# Exercise
Pictures stay out of the copy. Retype exactly the lines below from the one with "Stylus 3 in 1 Multi Utility Pen Light" through the one with "浙江省计算机office2010AOA二级选择题判断题(全)".
:: Recorded information
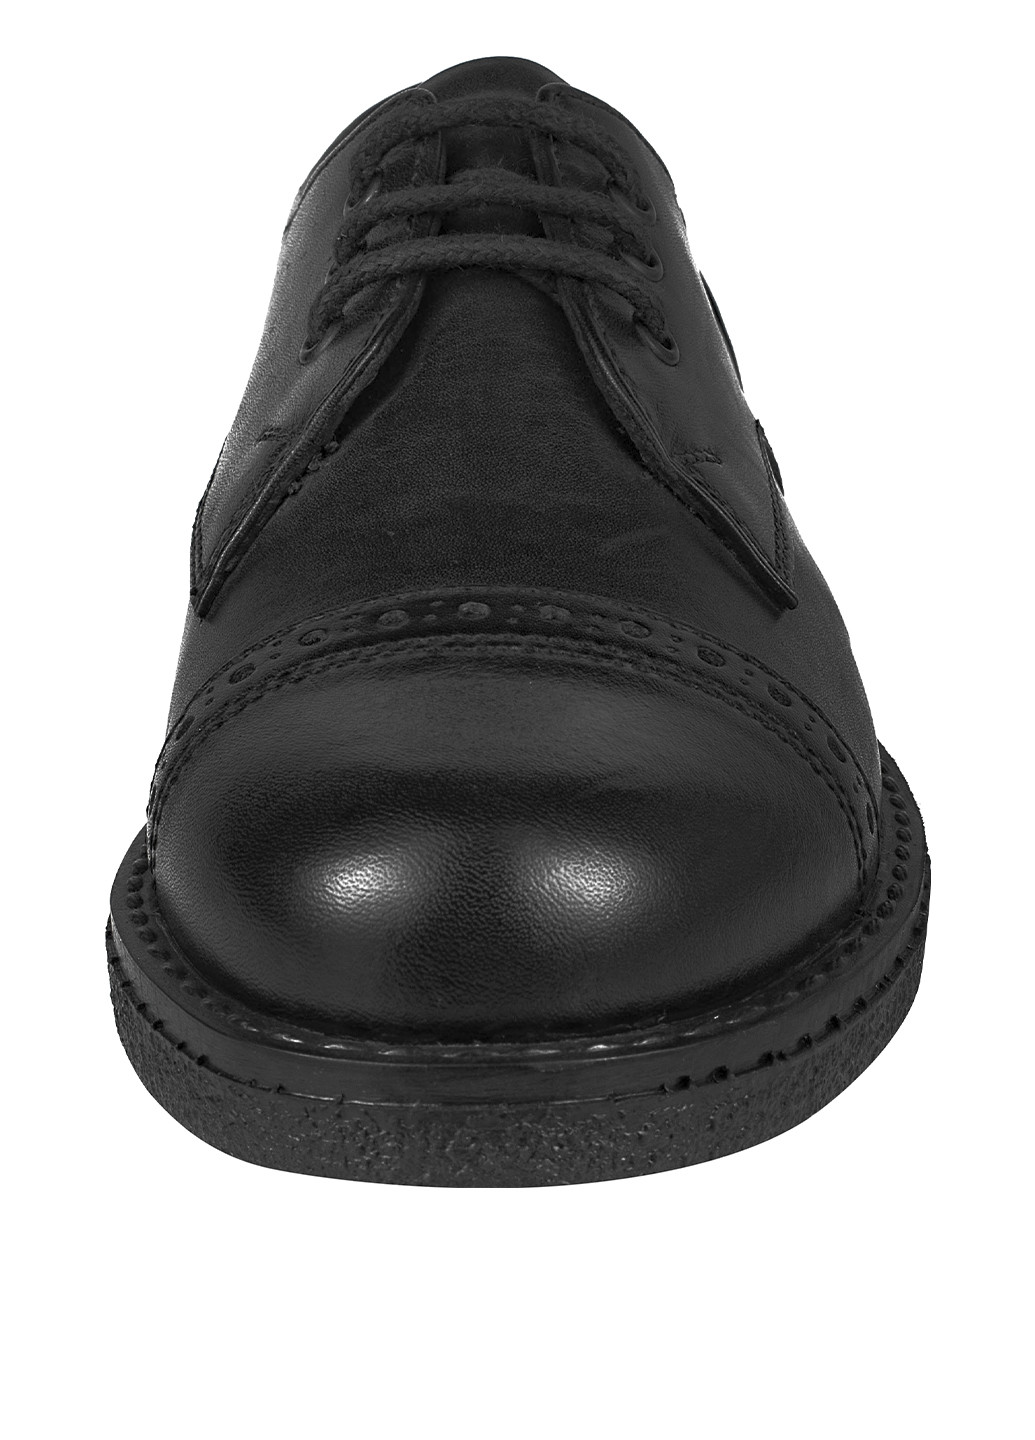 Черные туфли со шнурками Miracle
::::
:: Recorded information
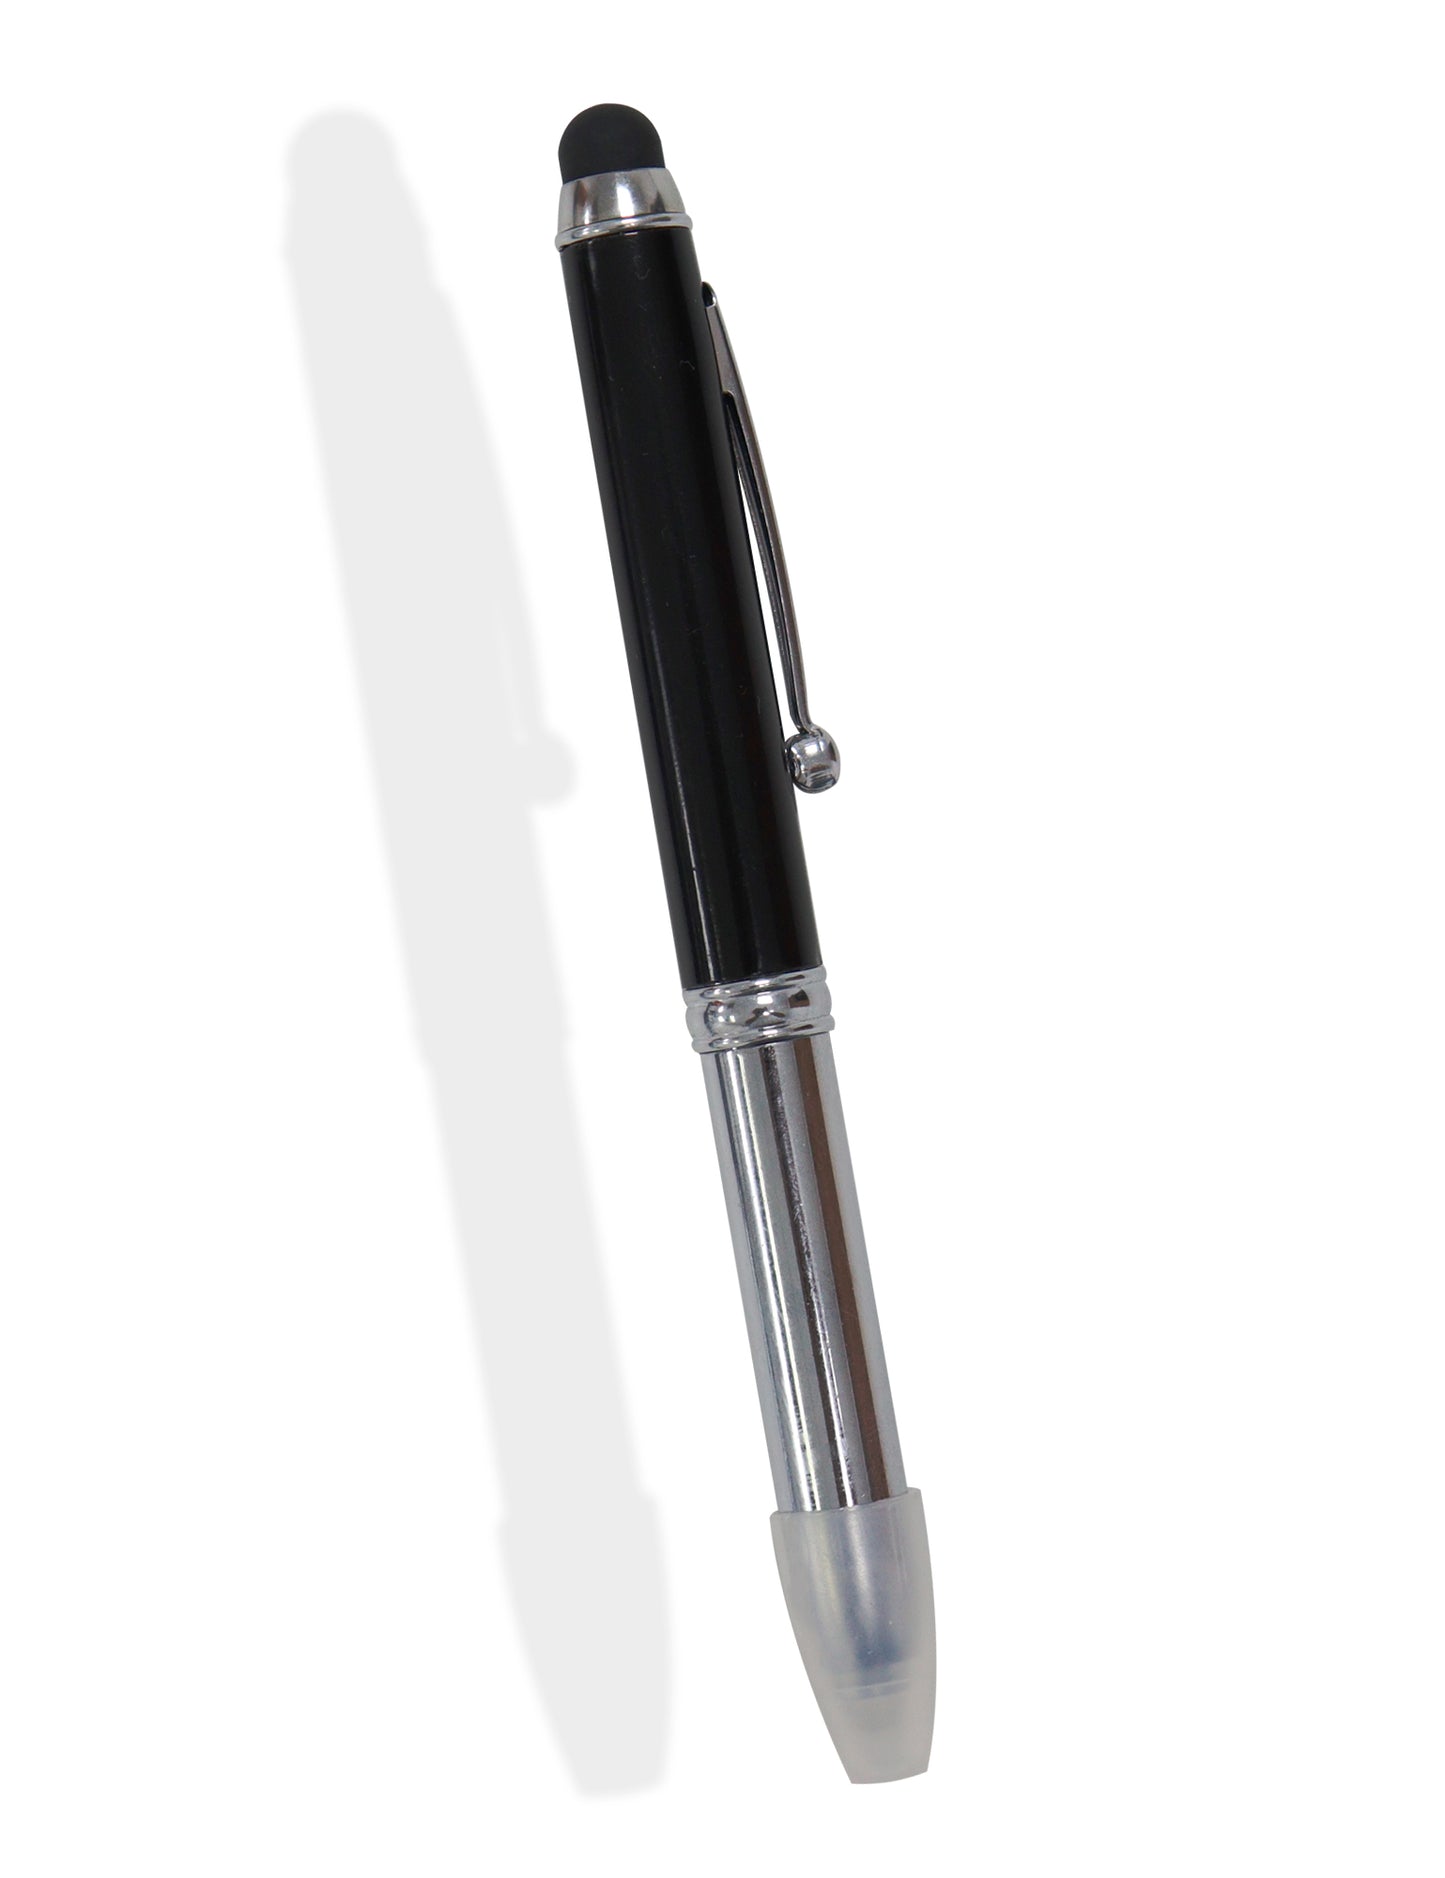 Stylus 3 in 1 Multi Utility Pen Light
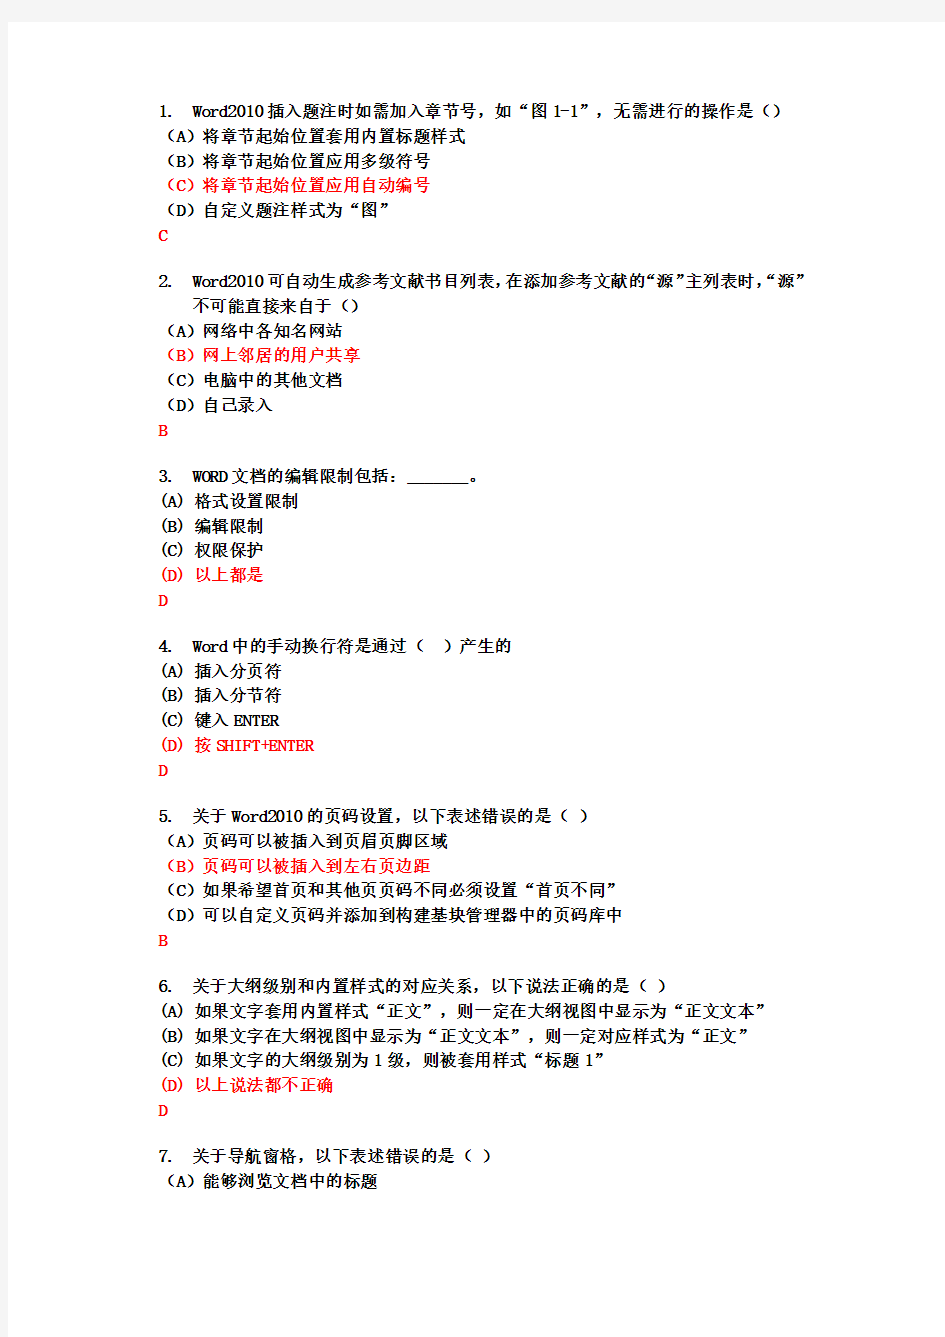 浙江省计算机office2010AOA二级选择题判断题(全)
::::
# Result of the task
 Stylus 3 in 1 Multi Utility Pen Light
 浙江省计算机office2010AOA二级选择题判断题(全)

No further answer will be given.